There’s tension between Morrison and grand son Akuhata Keefe, who was fourteen when he was cast in the part. Teaching him to chop wood (“Youre not a man yet") Morrison has him slopping out the barn at the house rather than going out with the families shearing distant farms.

The kid is at “that damn Pakeha school” where he’s memorised George Bernard Shaw’s “A family is a tyranny dominated by it’s weakest member” as well as a suitable John Wayne quote and, on the class excursion to the courts where no Maori is spoken giving the defendants no chance to defend themselves, he speaks out against the severity of the justice system, instead of thanking the judge. 

White settlement gets a mixed report card in this film but it’s not the subject. This one is about holding families together in the face of the change that new culture, the impending shift to cities will bring.  Morrison is the man who kept his own from fringe life and digging roads.

The climax comes when the boy defies him and his father defends the kid against the old man’s brutality. His family are banished but grandma gives them her run down house and land (communing with digital bees there). After an impressive storm rips the sheet iron off the roof and his dad is injured,  young Keefe takes charge, getting shearing work and entering the Golden Shears competition against his own and the rival family - another set piece. It would be interesting to know if Tamahouri taught his actors to shear or found shearers to act.
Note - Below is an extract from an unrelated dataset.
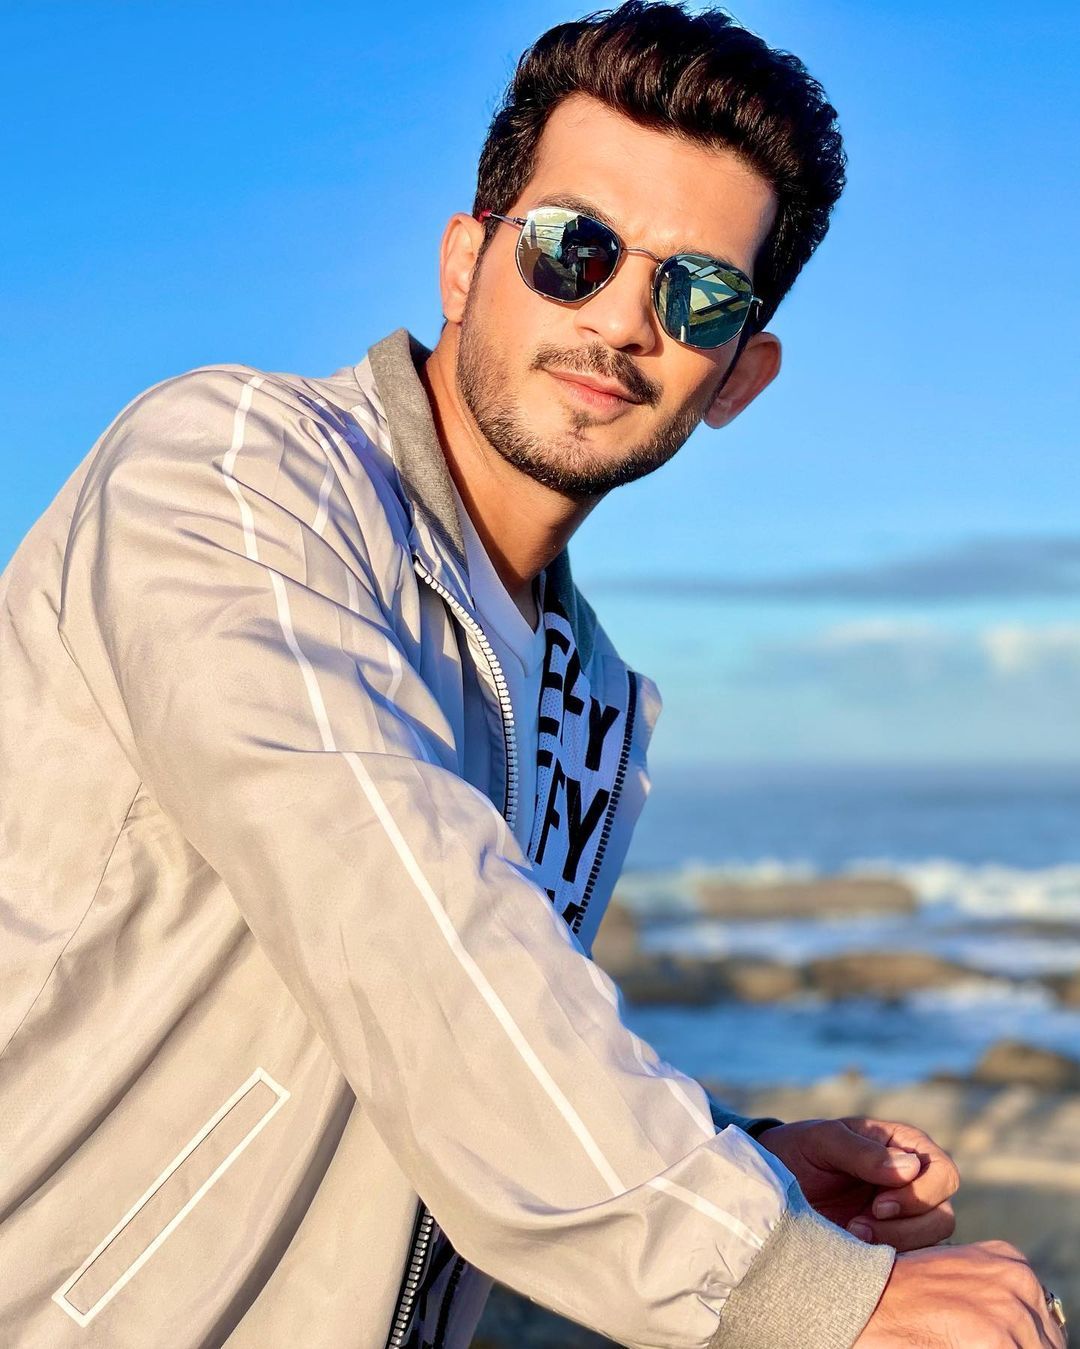 Arjun Bijlani confirms he has been approached for Bigg Boss 15, yet to make up his mind about participating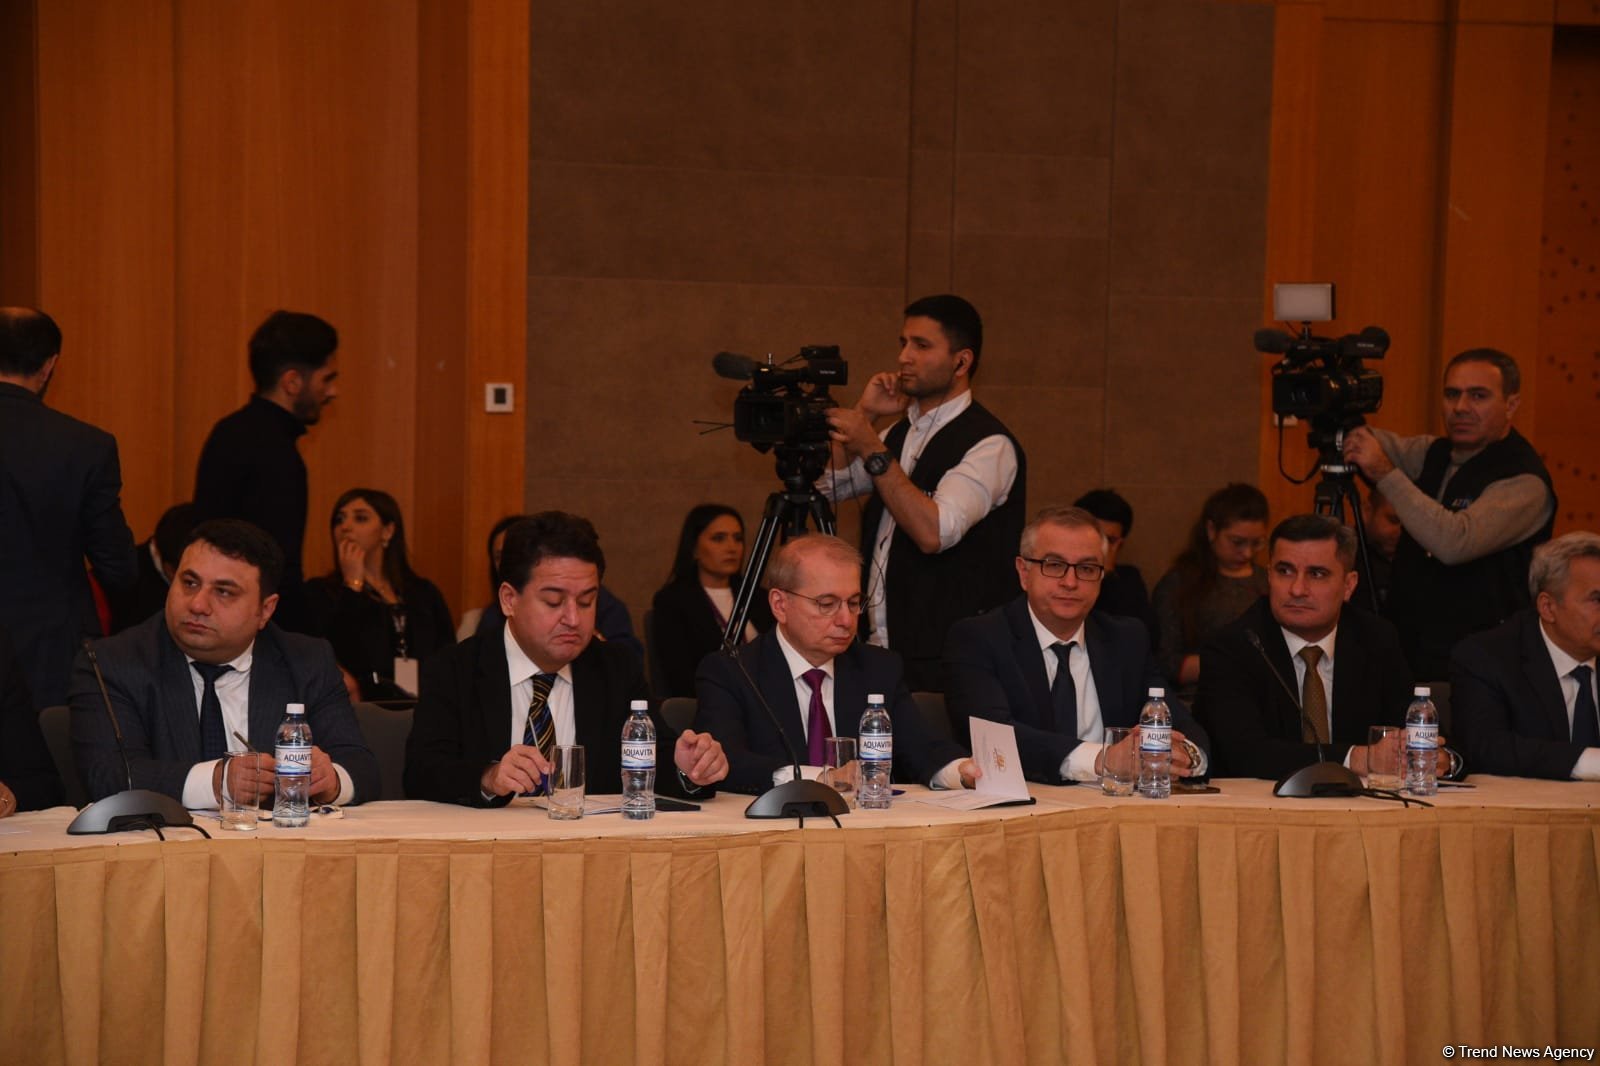 Meeting on equal campaigning options in Azerbaijan's presidential election held (PHOTO)

These characters were watching The 3:10 To Yuma and Flaming Star the same time that I was, which gives it a personal relevance to set against unfamiliar material - the flying wedge formation making their haka like entrance to the Tungee funeral at the community hall which contrasts with the white man’s church.

It’s not without self consciousness and the occasional irritation (why don’t they clear the cobwebs before they hang curtains at the rundown house) but his is a great looking film and it is saying something strong and relevant. The event will have to go some to produce one better.

Kiwi born actor Bruce Spence has sent in the following comment: Brought back memories of growing up in rural NZ at exactly that time. Left in 1966. Loved the performances of Nancy Brunning as the grandmother and Akuhata Keefe as the boy. His underplaying made a lot of those over the top lines acceptable. Like it a lot. Plot was rather simplistic and clumsy at times though.